Talking about the “set” of people on whom to apply Postel’s Principle provides a nice segue into the formal definitions that are implicit in the English aphorism. For my own behaviour, it makes sense to think of it like the intersection operation in set theory, or the universal quantifier in predicate logic: something is only morally permissible for me if it is permissible for all of the people I am likely to interact with regularly. Conversely, of course, the values I must accept without judgment are the union of the values of the people I know; it is morally permissible if it is permissible for any of the people I am likely to interact with regularly.

III.

Since the set of actions that are considered morally permissible for me are defined effectively by my social circle, it becomes of some importance to intentionally manage my social circle. It would be untenable to make such different friends and colleagues that the intersection of their acceptable actions shrinks to nothing. In that situation I would be forced to make a choice (since inaction is of course its own kind of action) and jettison one group of friends in order to open up behavioural manoeuvring space again.

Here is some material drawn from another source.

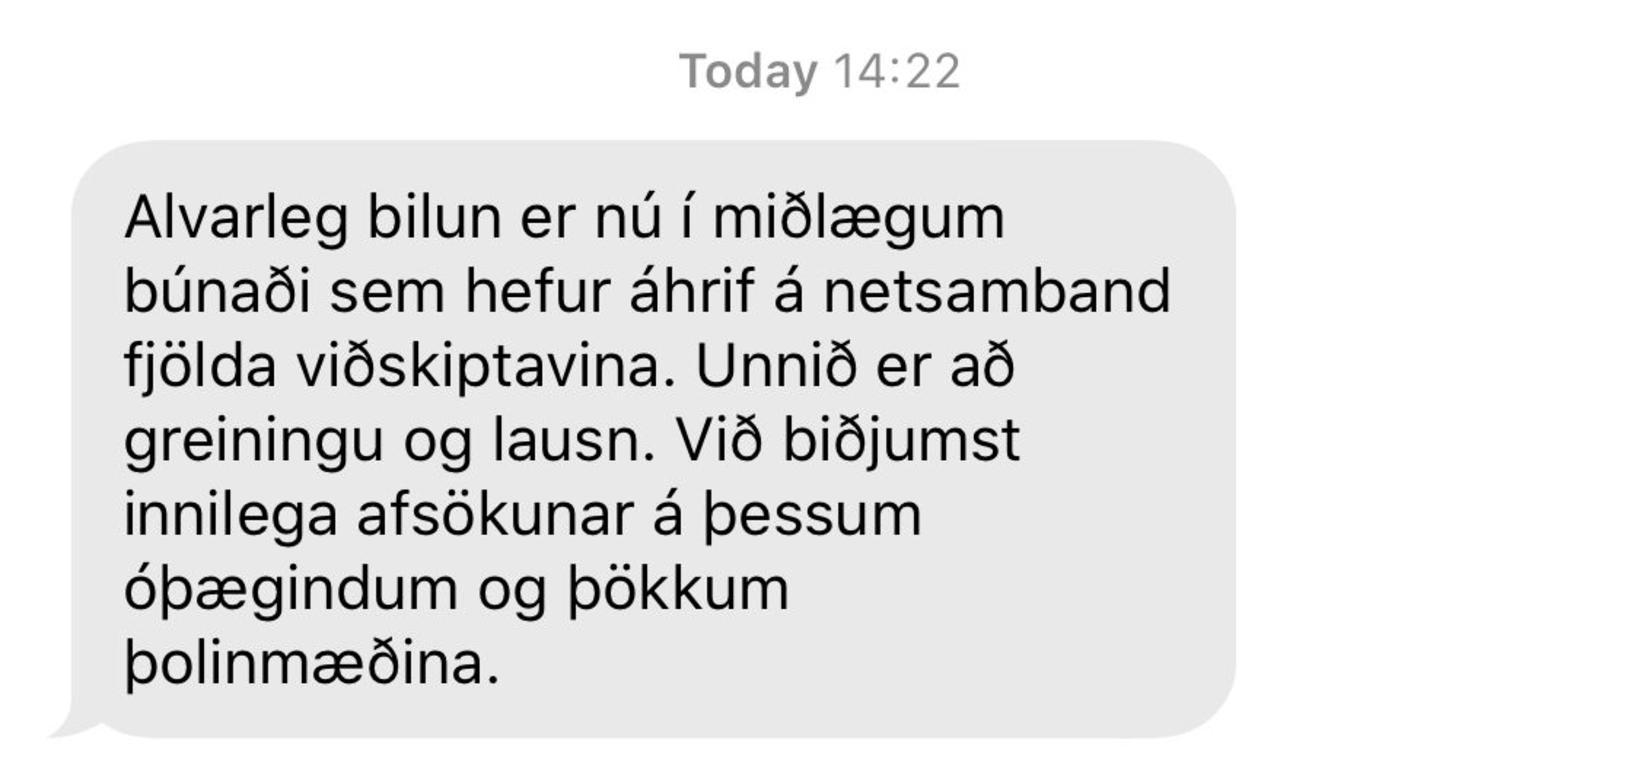 Skilaboð sem voru send á notendur Hringdu.
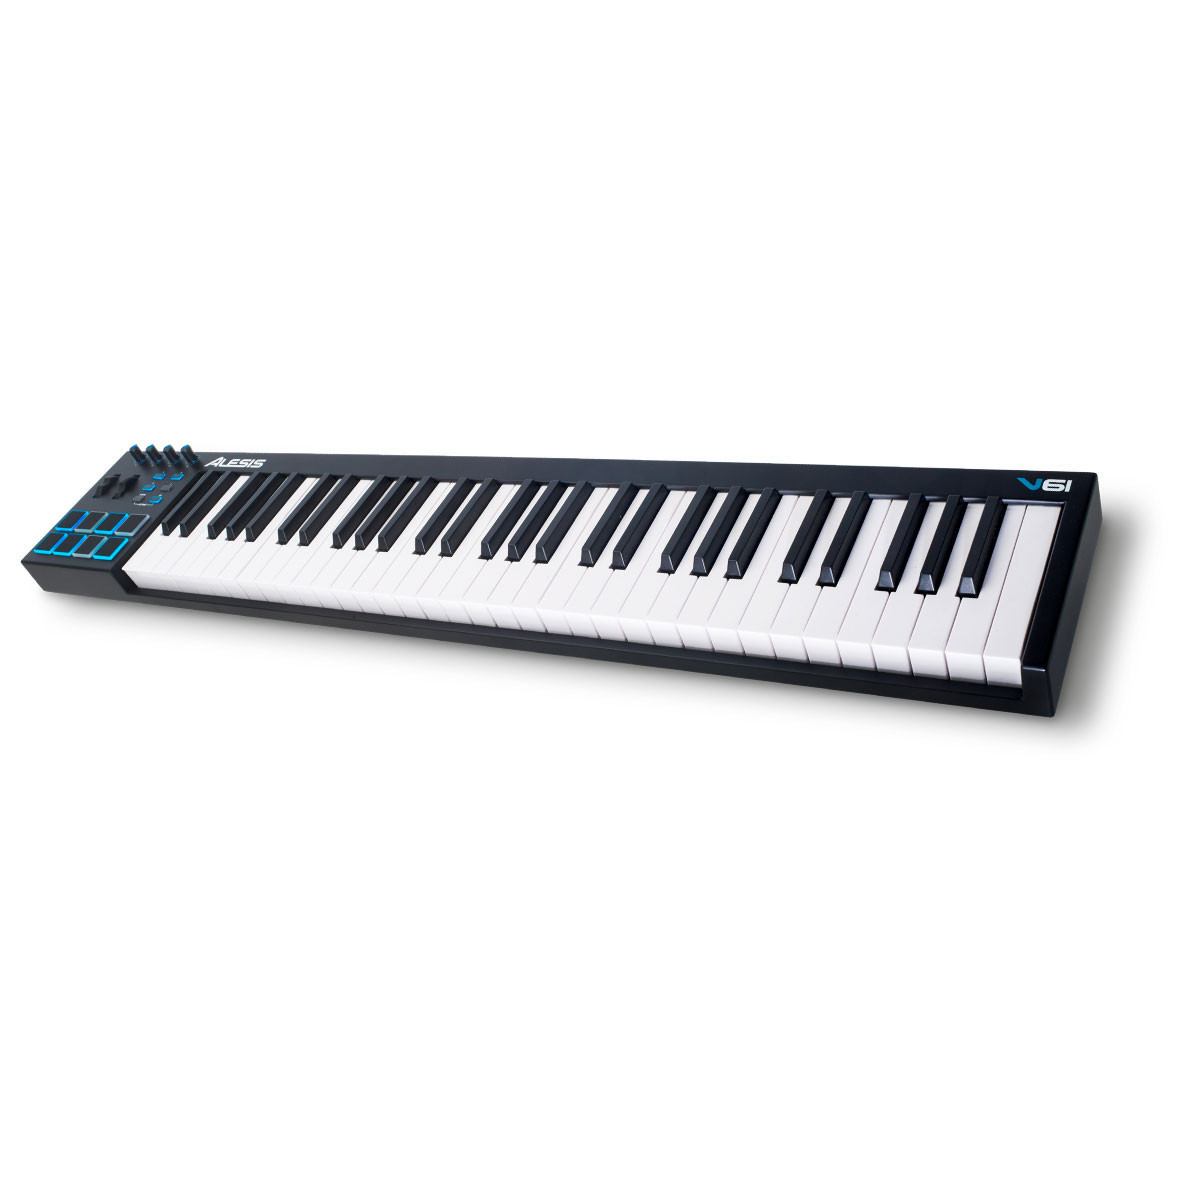 alesis v61 midi keyboard controller at. Black Bedroom Furniture Sets. Home Design Ideas

Unfortunately, it sometimes happens that people change their moral stances, especially when under pressure from other people who I may not be interacting with directly. Even if I have a stable social circle and behavioural manoeuvring space today, tomorrow one of my friends could decide they’re suddenly a radical Islamist and force me with a choice. While in some sense “difficult”, many of these choices end up being rather easy; I have no interest in radical Islam, and so ultimately how close I was to this friend relative to the rest of my social circle matters only in the very extreme case where they were literally my only acquaintance worth speaking of.

Again unfortunately, it sometimes happens that large groups of people change their moral stances all at once. Memes spread incredibly fast, and a small undercurrent of change can rapidly become a torrent when one person in a position of power or status chooses a side. This sort of situation also forces me with a choice, and often a much more difficult one. Apart from the necessity of weighing and balancing friend groups against each other, there’s also a predictive aspect. If I expect a given moral meme to become dominant over the next decade, it seems prudent to be “on the right side of history” regardless of the present impact on my social circle.

Being forced to choose between two social groups with incompatible moral stances is, unsurprisingly, stressful. Social alienation is a painful process, as can attest any Amish person who has been shunned. However what may be worse than any clean break is the moment just before, trying to walk the knife edge of barely-overlapping morals in the desperate hope that the centre can hold.

IV. (PostScript)

I wrote this focused mostly on myself. Having finished, I cannot help but wonder how much an approximation of Postel’s Principle guides the moral principles of most people, whether they would acknowledge it or not. Even people who claim to derive their morality from first principles often end up with something surprisingly close to their local social consensus.